Langues officielles : beaucoup à faire au Nouveau-Brunswick
Publié le 20 juin 2018 à 14:59, modifié le 20 juin 2018 à 14:59
Par: CIMTCHAU
Le Nouveau-Brunswick n’est pas sorti du bois en matière de langues officielles.
Le rapport annuel de la commissaire aux langues officielles de la province, présenté aujourd’hui, évoque un recul de la langue française au Nouveau-Brunswick. « On recule. On ne veut pas reculer, on veut avancer », exprime le président de la Société de l’Acadie du Nouveau-Brunswick, Robert Melanson.
Il faut un organisme responsable de faire appliquer la loi sur les langues officielles au Nouveau-Brunswick, dit la commissaire Katherine d’Entremont. Elle propose un secrétariat. C’est présentement le premier ministre qui fait respecter cette loi. « Le premier ministre, au Nouveau-Brunswick, n’est pas très bien appuyé concernant une capacité à l’interne, au gouvernement, pour le soutenir dans ses fonctions », affirme la commissaire aux langues officielles, Katherine d’Entremont.
La Société de l’Acadie du Nouveau-Brunswick appuie cette recommandation à condition que ce secrétariat ait les ressources nécessaires pour faire appliquer la loi. « On remet toujours ces dossiers-là à plus tard. On se dit toujours que ce n’est pas important. Oui, c’est important parce que quand on ne les règle pas on diminue et on recule », indique Robert Melanson.
La place du français dans la fonction publique inquiète aussi la commissaire d’Entremont. « L’offre active verbale pour le service en personne dans les ministères se fait moins d’une fois sur cinq. Ce n’est pas très reluisant. Au Nouveau-Brunswick, l’offre active est une obligation en vertu de la loi », mentionne-t-elle.

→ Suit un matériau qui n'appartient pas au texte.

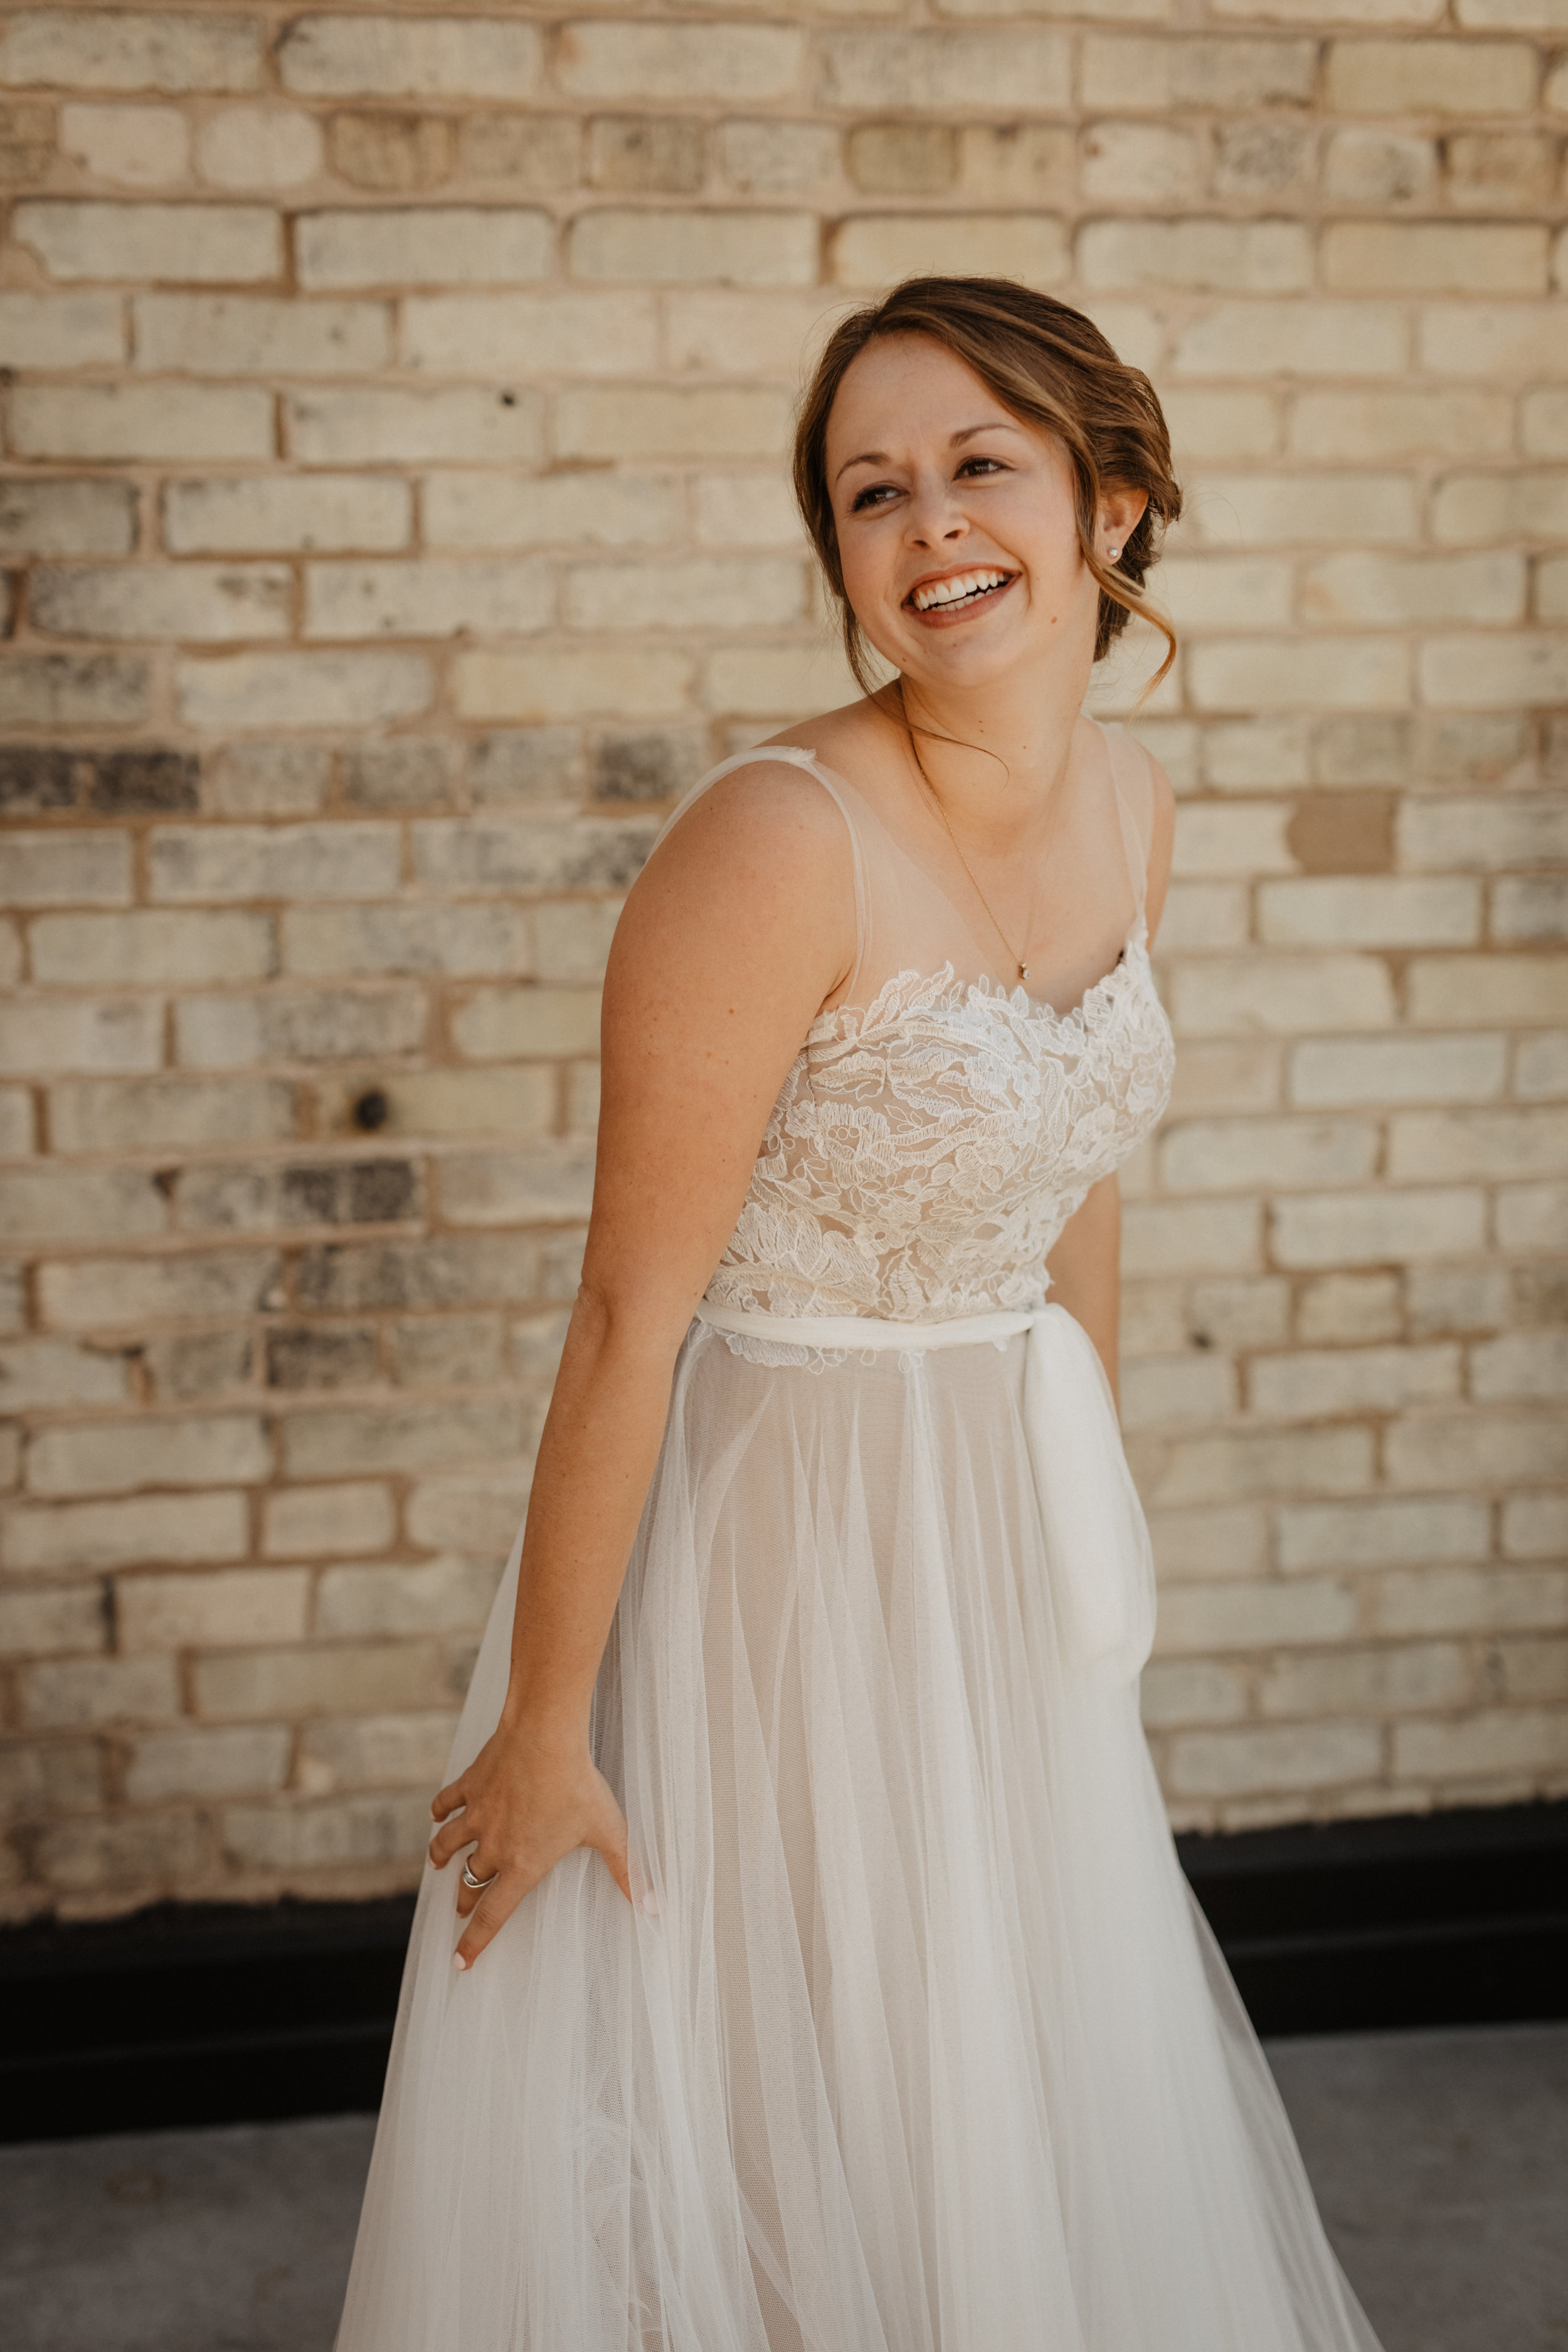 Bride-Wedding-Day-02

« 40 % des francophones sont capables d’exercer leur langue dans la fonction publique. Pour les anglophones, c’est au-dessus de 90 %.Pour moi, c’est de l’inégalité. Nous sommes actuellement des citoyens de second rang », ajoute Robert Melanson.
Il est possible d’obtenir un service en anglais partout dans la province. Ce n’est pas le cas pour le français. « La langue anglaise n’est pas en jeu ici, il n’y a pas de problème. Tandis que la vitalité de la langue française continue à diminue », explique Katherine d’Entremont.
En 2019, ça fera 50 ans que le Nouveau-Brunswick est une province officiellement bilingue.